Les changements de couleur politique des grandes municipalités qui se profilent dépendent avant tout des configurations locales. Le contexte national est assurément très défavorable à une gauche gouvernante qui désespère ses partisans sans convaincre ses adversaires.
Mais ce sont surtout les fragilités réelles de certaines équipes sortantes qui risquent de précipiter les alternances municipales. C’est bien une subtile articulation entre «vote sanction» national et «vote sanction» local qui rendra le mieux compte du verdict des électeurs les 23 et 30 mars.

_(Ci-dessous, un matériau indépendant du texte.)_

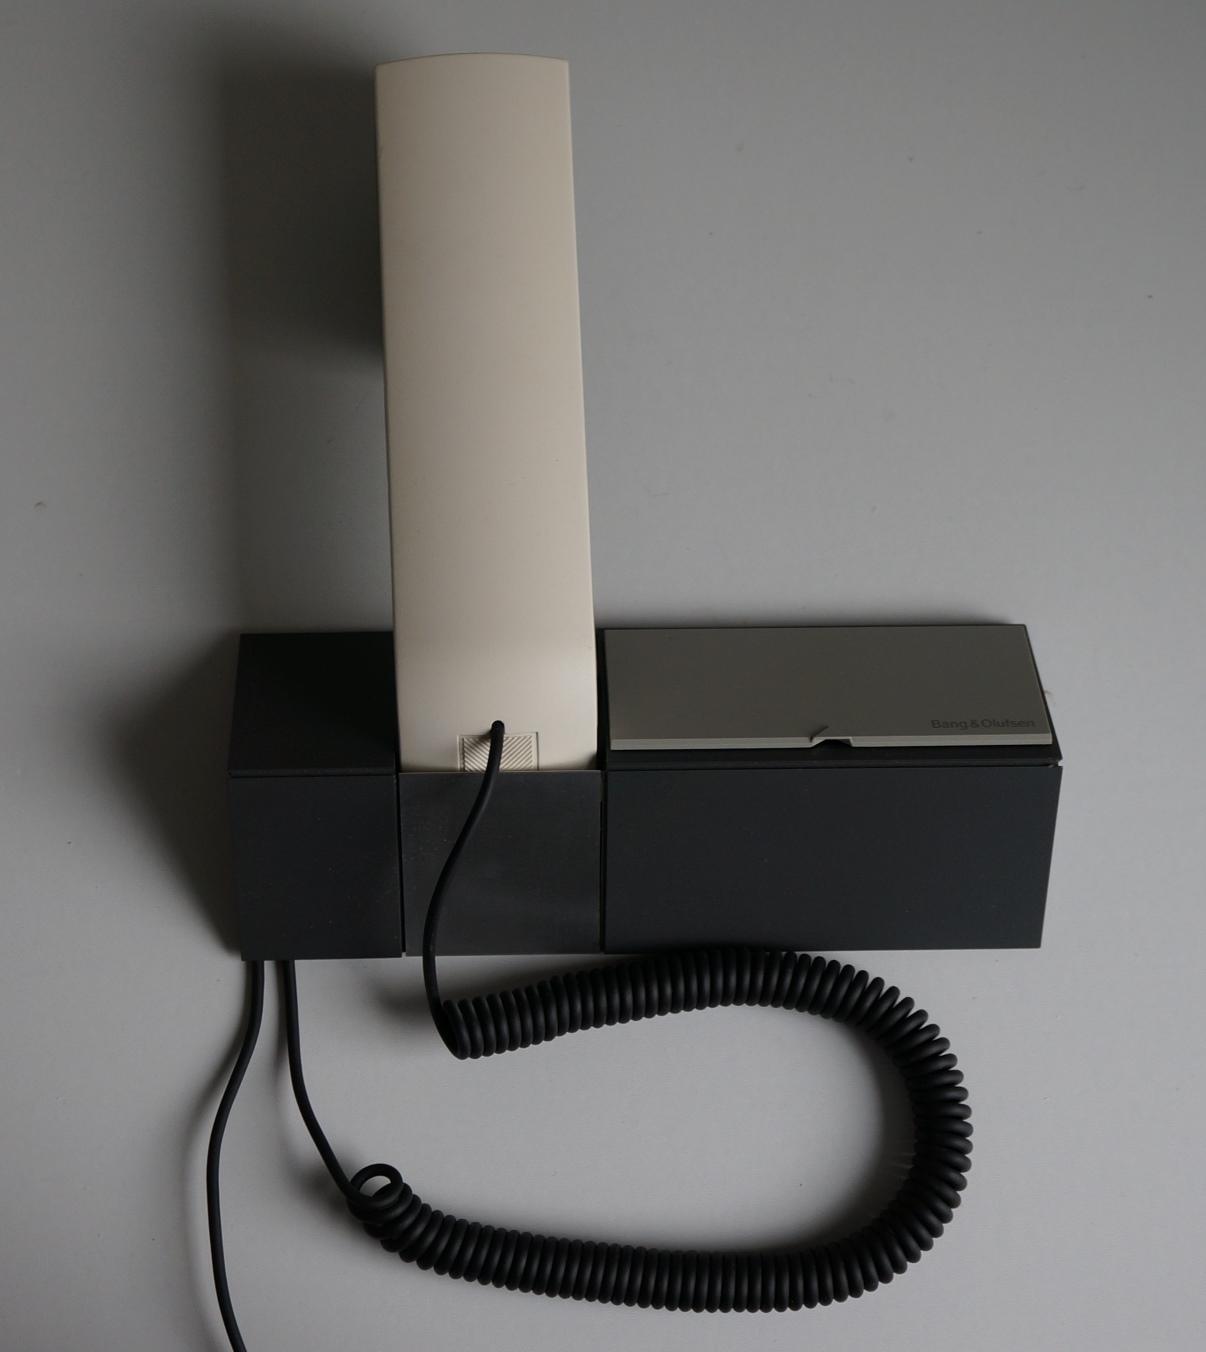 BeoCom 1500 mit Wandholder Image
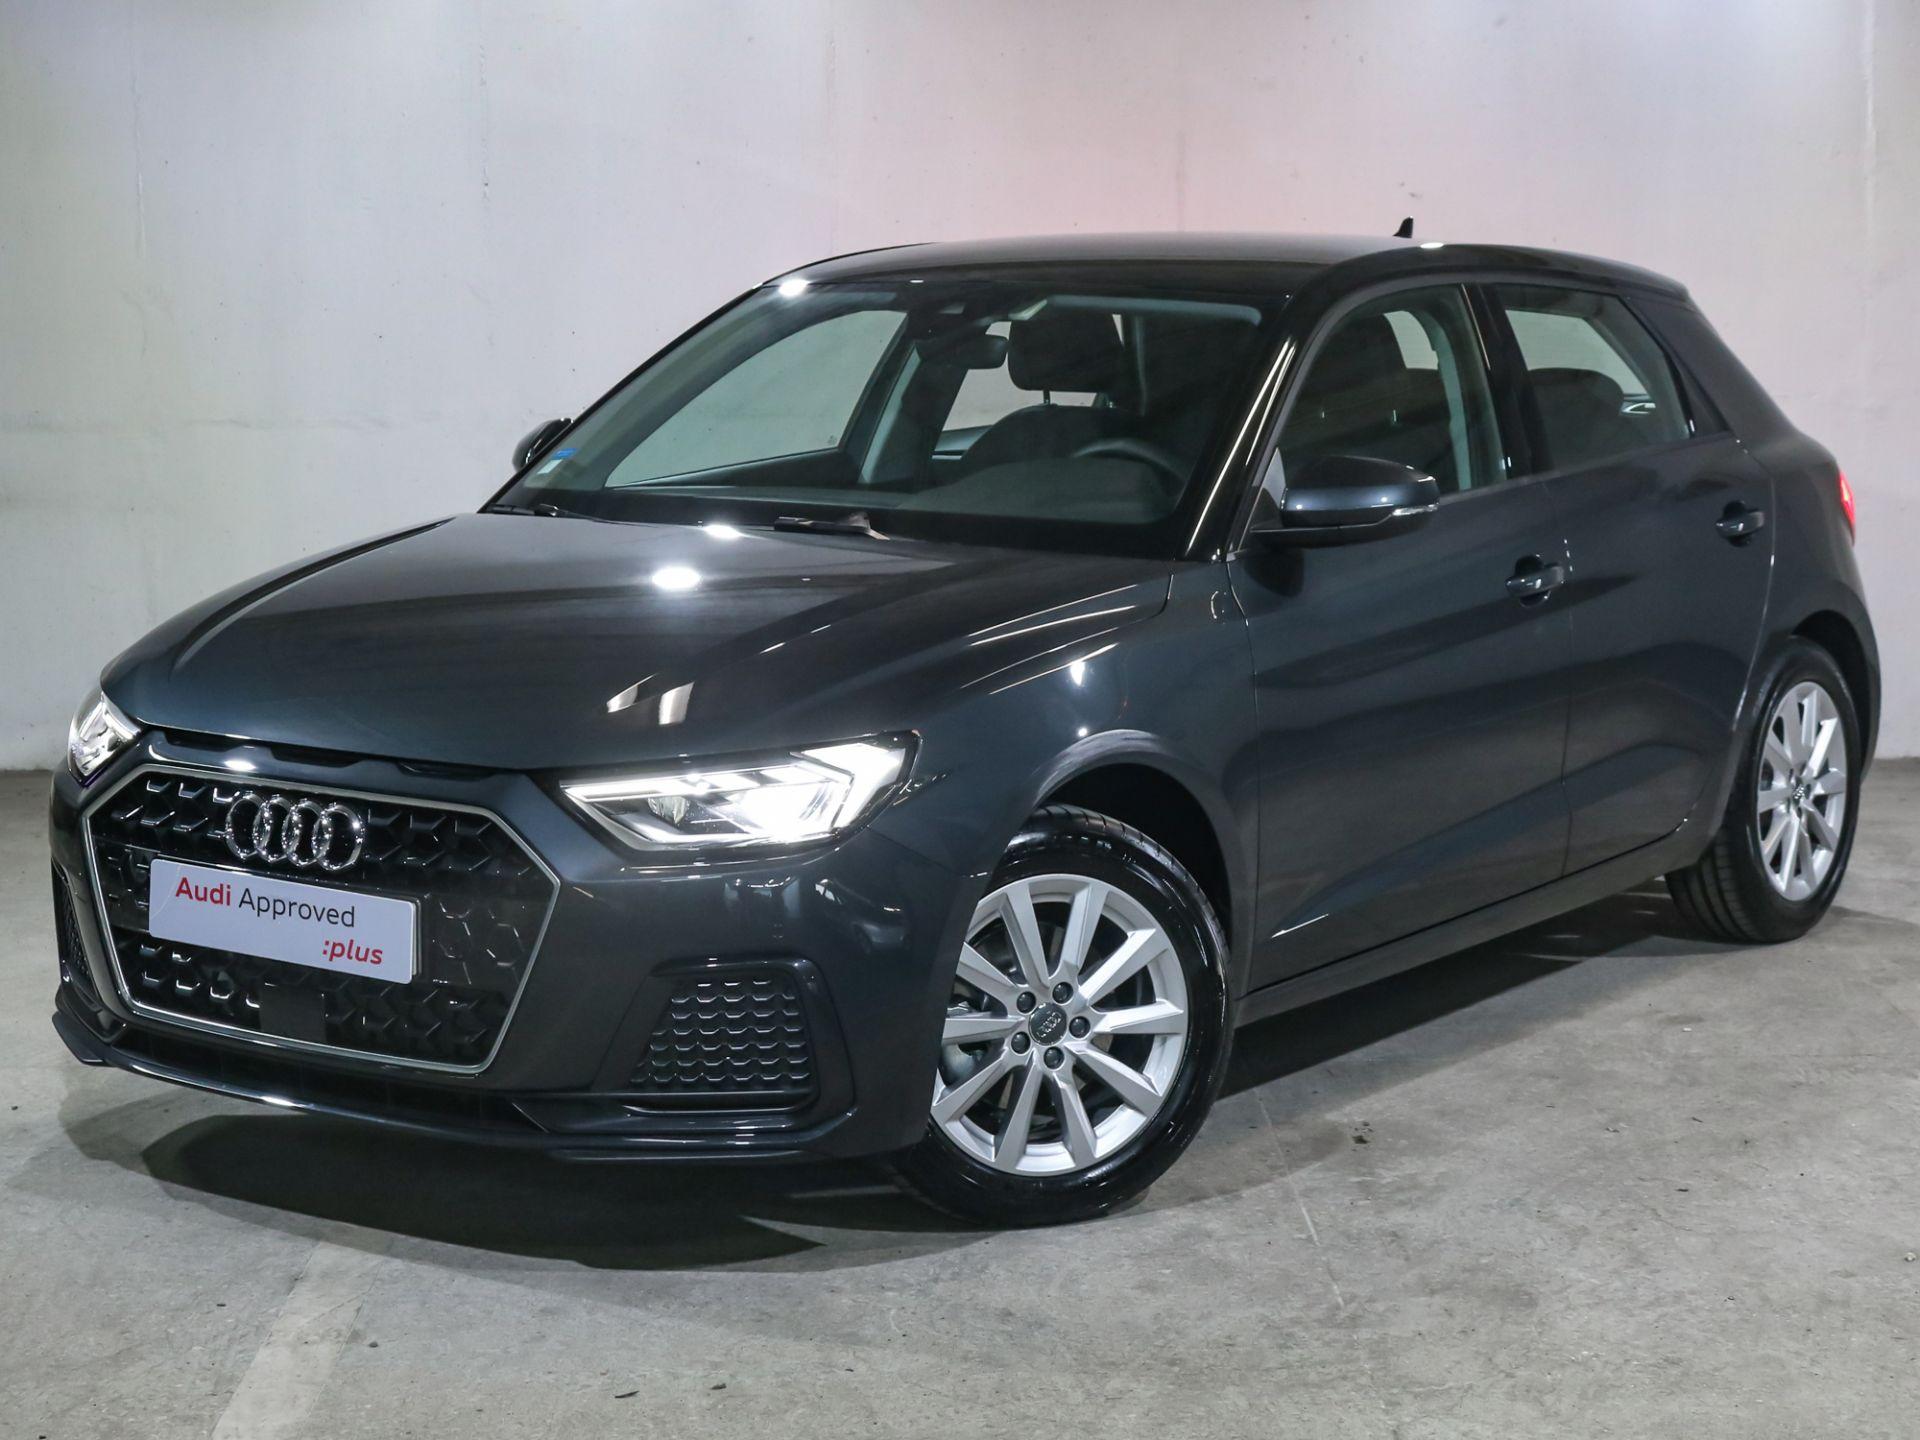 Audi A1 30 TFSI Advanced Sportback segunda mão Lisboa

Fragilité d’un premier mandat
La théorie du «cycle municipal» mise en évidence par le politologue Pierre Martin établit qu’un maire sortant a les meilleures chances d’être élu au terme de son premier mandat. Celui-ci lui procure une notoriété précieuse et il n’est pas encore atteint par l’usure du pouvoir. La conquête d’un troisième mandat serait, à l’inverse, une étape nettement plus délicate.
Un examen distancié des enquêtes préélectorales montre pourtant que les prochaines municipales devraient voir nombre de villes gagnées par la gauche en 2008 changer de couleur politique. Il s’agit souvent de cités de tradition conservatrice, parfois conquises par la grâce de la division du camp adverse, et où le nouvel élu n’a pas su s’imposer.
Angoulême avait été conquise par le PS en 2008 après une vingtaine d’années de règne de la droite. Une enquête Ifop montre un rapport de force très incertain pour le maire sortant Philippe Lavaud.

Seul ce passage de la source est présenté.